浜口さんに呼び出された俺は、今まで企画を話しあっていた会議室でそう切り出された。

浜口さんは申し訳なさそうに俺の様子をうかがっていたが、俺の戸惑いを感じてかさらに続ける。

「…この前、ナオ君に頼んだ写真をサイトにアップしたんだ。すると、『彼は整形ではないのか』という意見を複数いただいてね…君の契約会社に確認して、この結果に至ったんだ」
「…………っ」
「反論がないということは、やっぱりそうなんだろうね。雑誌では読み手が限られているだろうからそこまでなかったのかもしれないが、今回はネット上だったのがまずかったのかもしれない。

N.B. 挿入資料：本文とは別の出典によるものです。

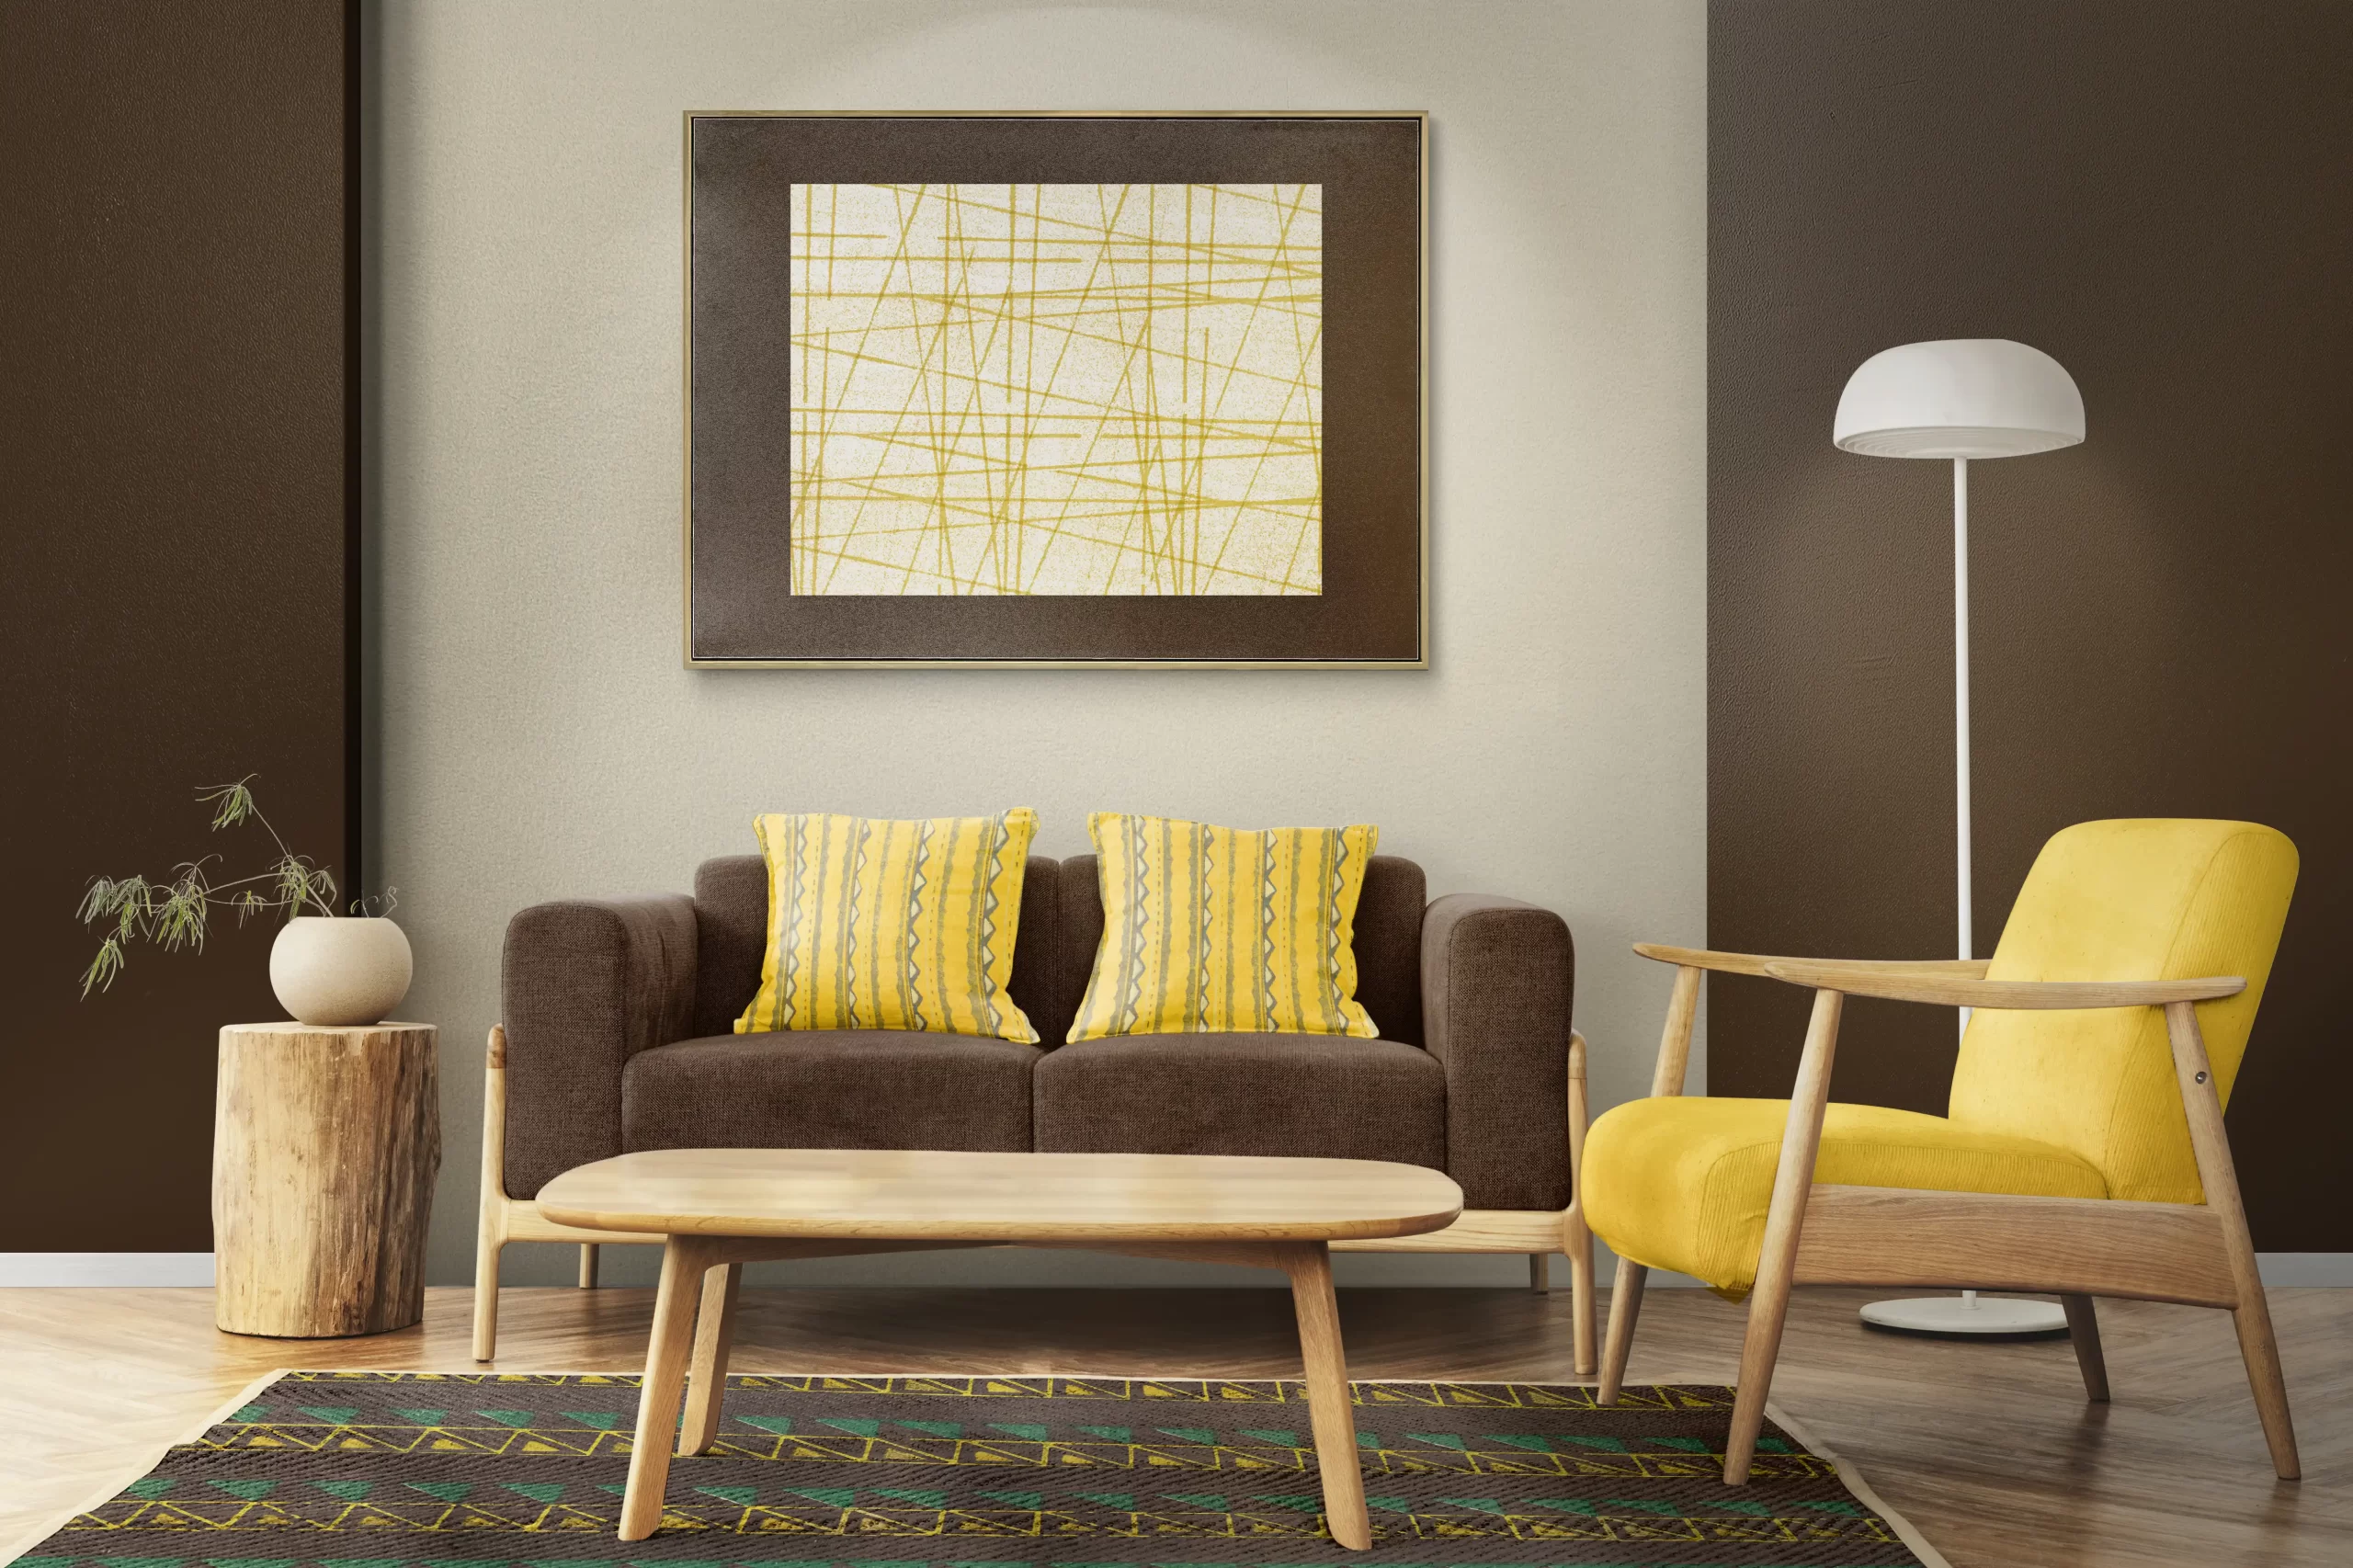 مبل زرد و مشکی که مبل مشکی ها دارای بالشت های زرد میباشد و میز چوبی نیز در وسط اتاق قرار دارد و تابلو نقاشی نیز به دیوار وصل شده است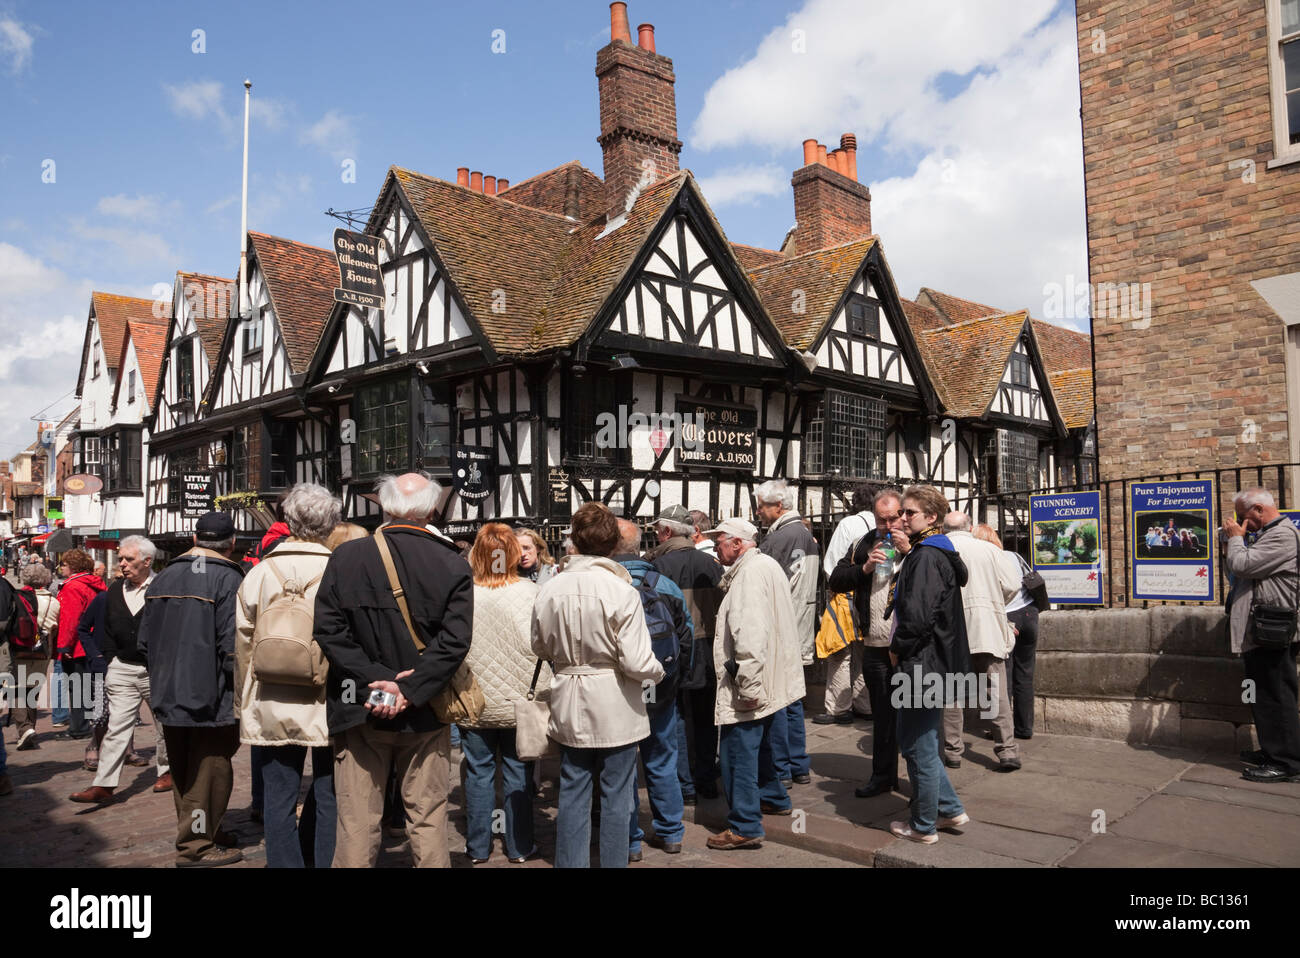 Groupe de touristes par le XVIe siècle ancien Weavers House bâtiment à pans de bois construit 1500 dans le centre-ville. Canterbury Kent Angleterre Royaume-Uni Banque D'Images

世界からも注目され始めていた企画だったから、閲覧者が多すぎたんだ。―――現在、サイトは改修中ということで閲覧できなくしている」

言われている言葉に、嘘や慰めはなかった。ただ真実を、淡々と続けてくる。

それでも、どうしてという気持ちが先に立って、グッと握りしめた拳に力が入る。

どうして、今なんだ。仕事に頑張ろうと、決意を新たにしたばかりなのに。悔しさが溢れて来て、俺は下を向いて涙をこらえた。

それをどうとらえたのか、少し優しい口調で浜口さんはさらに続ける。

「…勘違いしないで欲しい、今でも君が魅力的だと思っているよ。ただ、今回は『自然美』がテーマだから、整形しているとどうしても印象が悪くなるんだ。…降板はモデルとしても痛いだろうけど、君はこんなところで終わる人材じゃないはずだ。―――やりたいことがあって、モデルになったんだろう?諦めないでくれ」
「――――――っ」

俺は優しい浜口さんの言葉に何も言えなくなってしまって、結局浜口さんの顔すら見れなまま、浜口さんは会議室を出て行ってしまった。